◆ **Task**: Among the lines below, return each one that contains the word "High".

Top of Record excerpts

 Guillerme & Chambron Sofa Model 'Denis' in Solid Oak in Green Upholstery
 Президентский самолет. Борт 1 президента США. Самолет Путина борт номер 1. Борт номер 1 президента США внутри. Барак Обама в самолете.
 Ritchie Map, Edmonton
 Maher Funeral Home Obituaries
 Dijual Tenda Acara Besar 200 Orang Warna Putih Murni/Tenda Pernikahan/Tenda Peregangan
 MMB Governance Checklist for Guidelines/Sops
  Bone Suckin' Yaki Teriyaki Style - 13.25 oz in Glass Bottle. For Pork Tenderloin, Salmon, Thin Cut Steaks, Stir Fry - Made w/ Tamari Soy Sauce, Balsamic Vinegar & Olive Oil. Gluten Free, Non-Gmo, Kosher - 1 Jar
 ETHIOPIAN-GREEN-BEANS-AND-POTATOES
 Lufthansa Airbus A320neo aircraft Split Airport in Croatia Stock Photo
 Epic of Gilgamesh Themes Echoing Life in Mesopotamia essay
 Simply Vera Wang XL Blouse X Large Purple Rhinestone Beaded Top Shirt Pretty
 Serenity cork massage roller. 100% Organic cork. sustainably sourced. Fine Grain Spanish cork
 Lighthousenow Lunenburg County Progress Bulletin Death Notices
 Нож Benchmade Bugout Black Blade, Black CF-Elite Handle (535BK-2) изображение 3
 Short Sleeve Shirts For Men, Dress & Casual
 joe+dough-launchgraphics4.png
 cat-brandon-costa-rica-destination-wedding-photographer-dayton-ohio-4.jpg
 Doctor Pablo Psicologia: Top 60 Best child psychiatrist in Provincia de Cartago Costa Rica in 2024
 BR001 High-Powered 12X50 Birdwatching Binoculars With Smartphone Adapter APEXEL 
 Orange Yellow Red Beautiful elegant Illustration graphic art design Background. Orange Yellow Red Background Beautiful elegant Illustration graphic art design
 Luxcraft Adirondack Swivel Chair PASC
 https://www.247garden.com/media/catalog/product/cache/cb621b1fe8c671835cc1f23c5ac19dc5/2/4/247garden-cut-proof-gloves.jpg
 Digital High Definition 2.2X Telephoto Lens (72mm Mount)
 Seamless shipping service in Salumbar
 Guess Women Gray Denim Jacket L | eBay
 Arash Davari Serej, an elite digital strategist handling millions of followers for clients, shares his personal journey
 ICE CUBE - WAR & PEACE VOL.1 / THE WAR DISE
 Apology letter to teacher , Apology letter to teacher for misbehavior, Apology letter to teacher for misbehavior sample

Bottom of Record excerpts

◆ **Answer to this problem**:
 BR001 High-Powered 12X50 Birdwatching Binoculars With Smartphone Adapter APEXEL 
 Digital High Definition 2.2X Telephoto Lens (72mm Mount)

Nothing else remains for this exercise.